Easing the big step into junior high school

My son Joshua and his sixth-grade classmates are entering junior high school this fall. It's a big step, and suddenly they seem awfully young, at 10 or 11, to be going into such a large new world.

Their graduation from grammar school was touching and funny. Some of them approached the stage giggling, some stumbled, and some were more dignified than we parents had ever seen our children act. Diplomas in hand, all left the stage wearing serious expressions, evidence of their new feelings of responsibility toward their own futures.

Five minutes later, all dignity evaporated as the graduates filed into the cafeteria for refreshments. Seriousness gave way to silliness. They had been "grownup" for as long as they could bear it -- which wasn't long.

Going to a junior high or middle school is as great a change as going to kindergarten -- even greater, I think, than going to high school. At this age, they are somewhere between being little children and teens.

My niece, Amy, explains: "Ten years ago, I was a baby who couldn't do anything for myself. In 10 more years, I might be in college or a mother. Sometimes I want to play with makeup -- and sometimes I just want to play with dolls."

Joshua, 11, explains his feelings about junior high this way: "It is exciting to start something new. It is also scary to start something new. I have decided to look at it as exciting right now. I'LL get the scary part of the first day of school."

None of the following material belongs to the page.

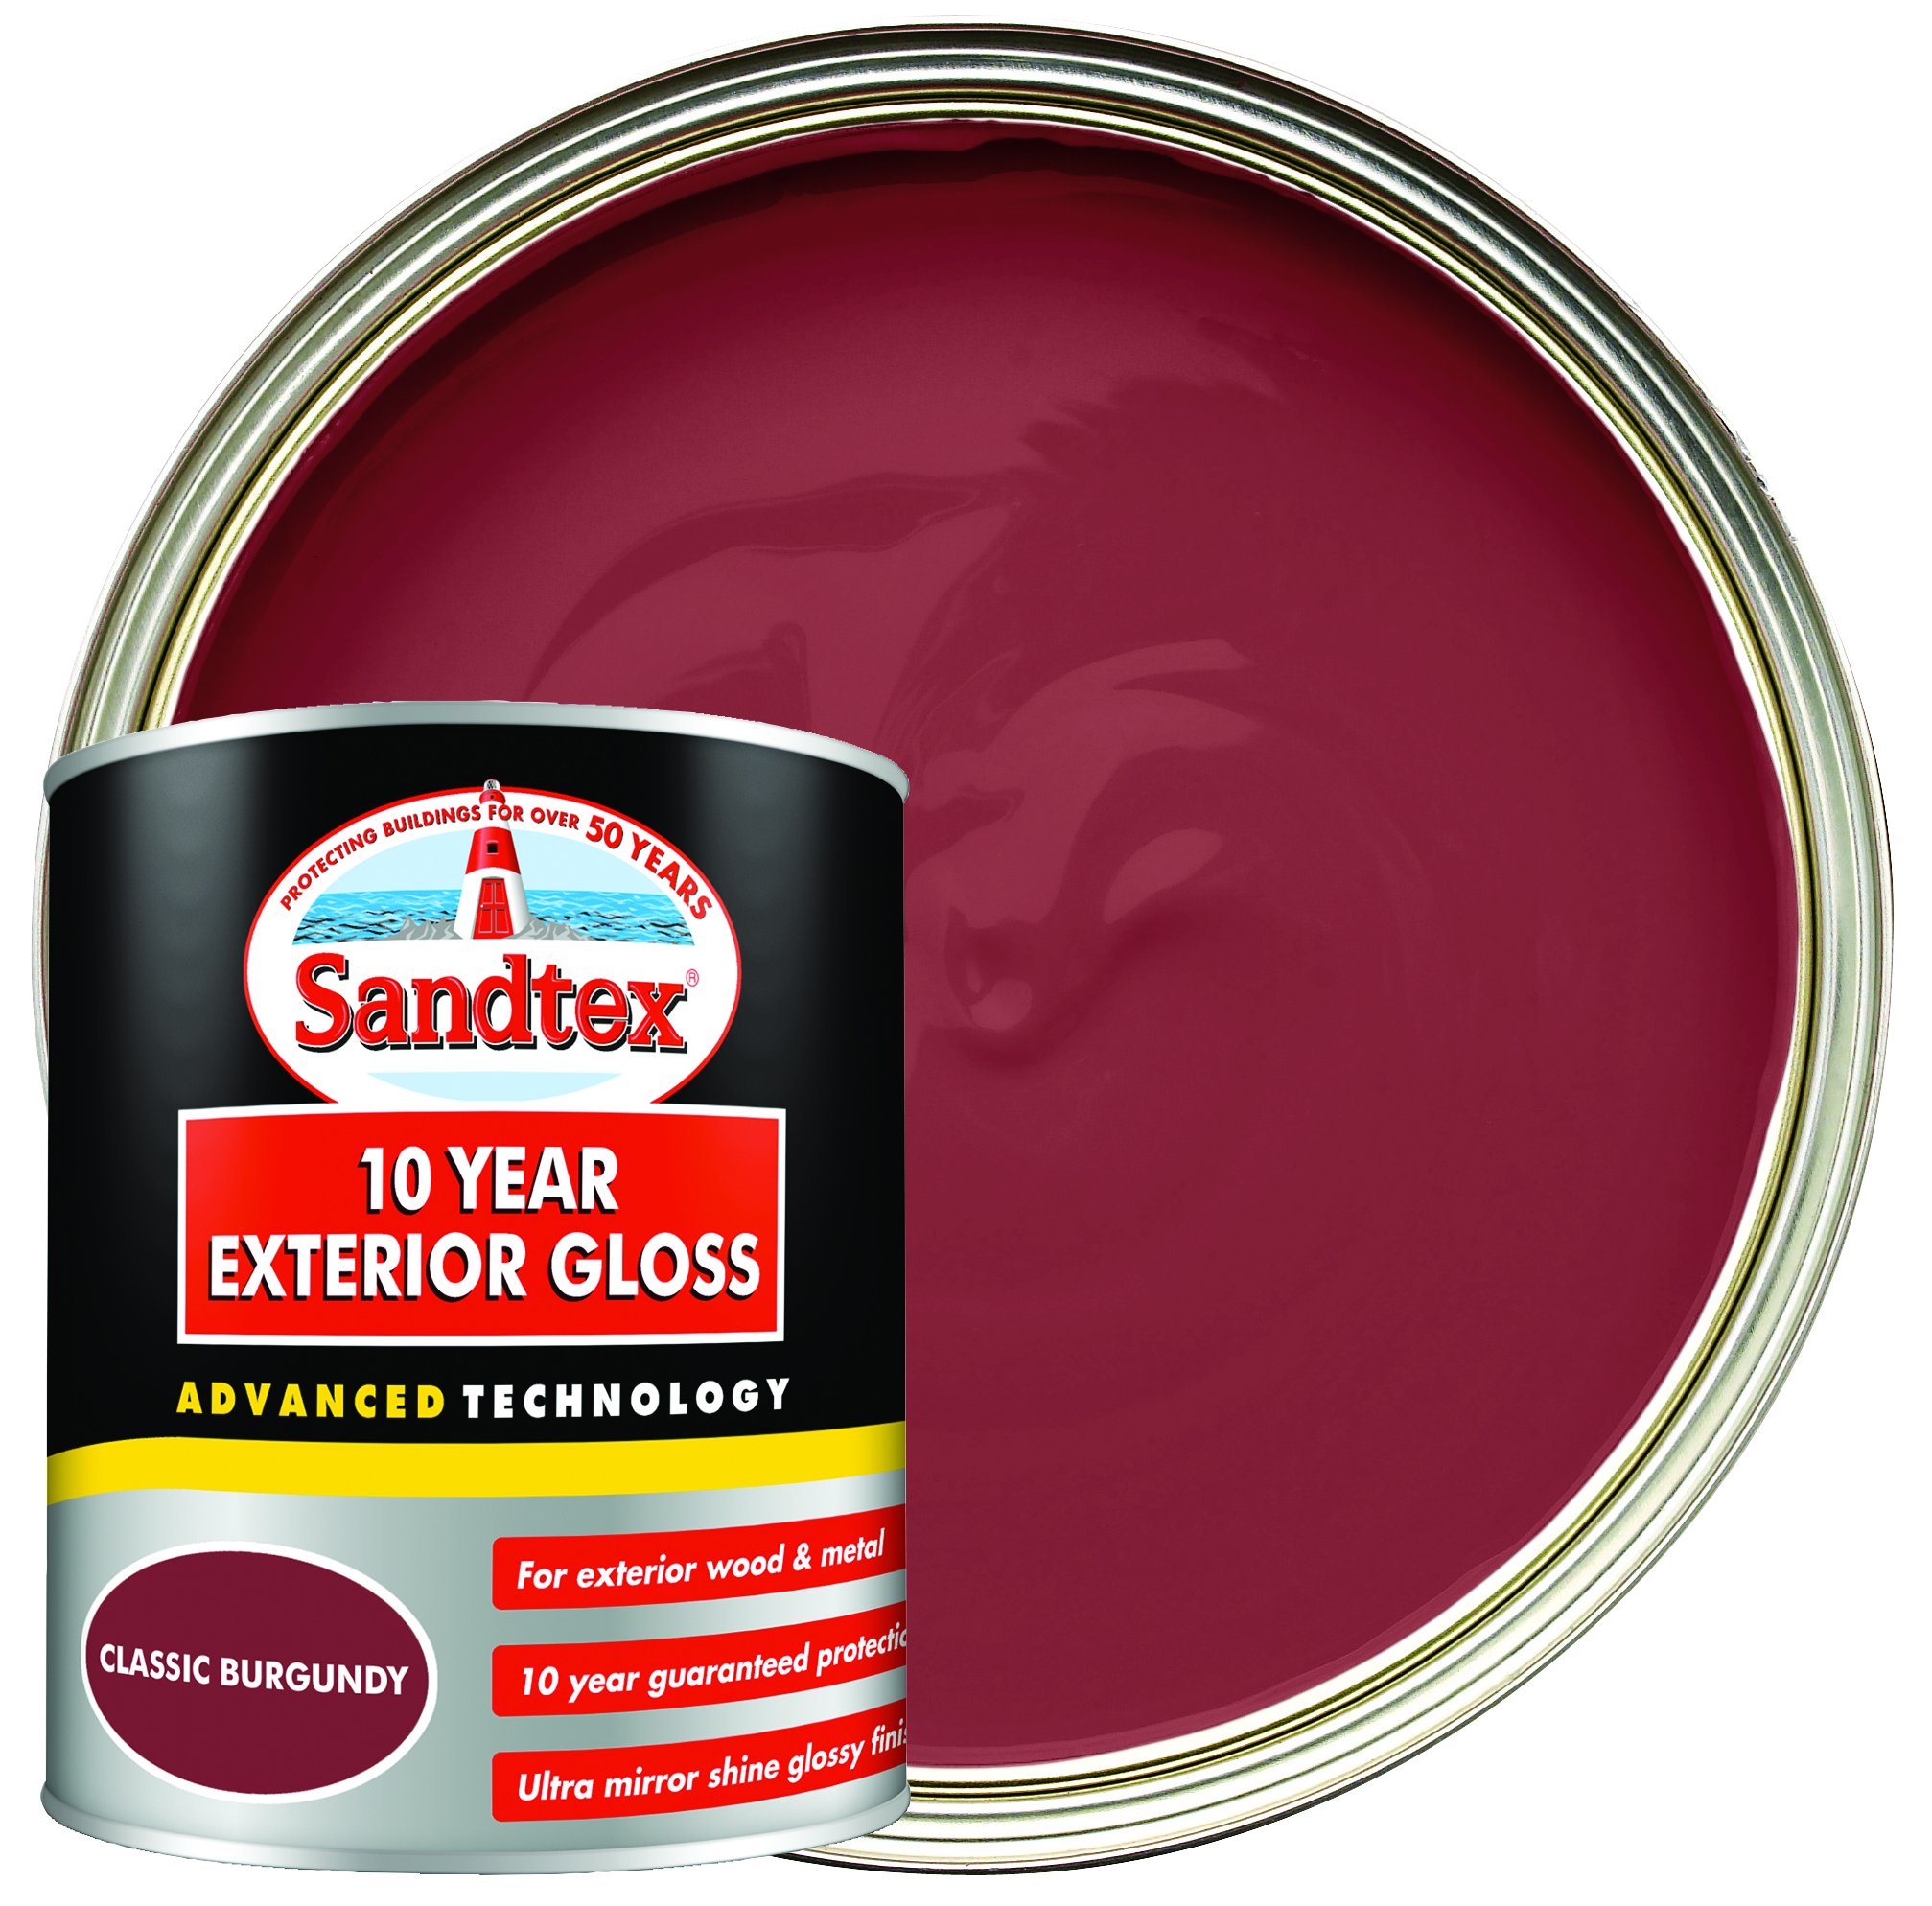 Image of Sandtex 10 Year Exterior Gloss Paint - Classic Burgundy - 750ml

I can guess what he means. The fifth graders at his school knew everyone and everyone knew them. They were the "big kids" who held all the responsible positions, from safety patrol to running errands for the office. They were admired by the other children, among whom were many younger brothers and sisters. It was cozy and comforting.

Now they will be going to a school two or three times as large. Instead of one of two teachers, they will go to a different room and have a different teacher for every class. The teachers won't know them. They will have to reassert their identities. And they will have to make new friends.

That will be the good part. They will be forced to enlarge their world. And although they might feel lost at first, they will soon be enjoying themselves. There might be new interests in sports or art or music which they didn't have before. Even without this it is, as Josh says, bound to be "exciting."

There is not much you can say about this ahead of time. You don't want to make a "big deal" about it,and since children this age tend to underplay things which are important to them, they may not say much about it or want to talk about it.

It helps to remember yourself at this age. I recall sleeping fitfully on hair curlers, spraying myself with "pre-teen" perfume, and then helping my girlfriend with the chores at her farm before boarding the school bus for junior high. In the barn, I slipped right into a pile of manure and had to shower and dress all over again -- with straight hair this time -- and extra perfume!

My niece, Amy, gets me to tell this story often. It comforts her.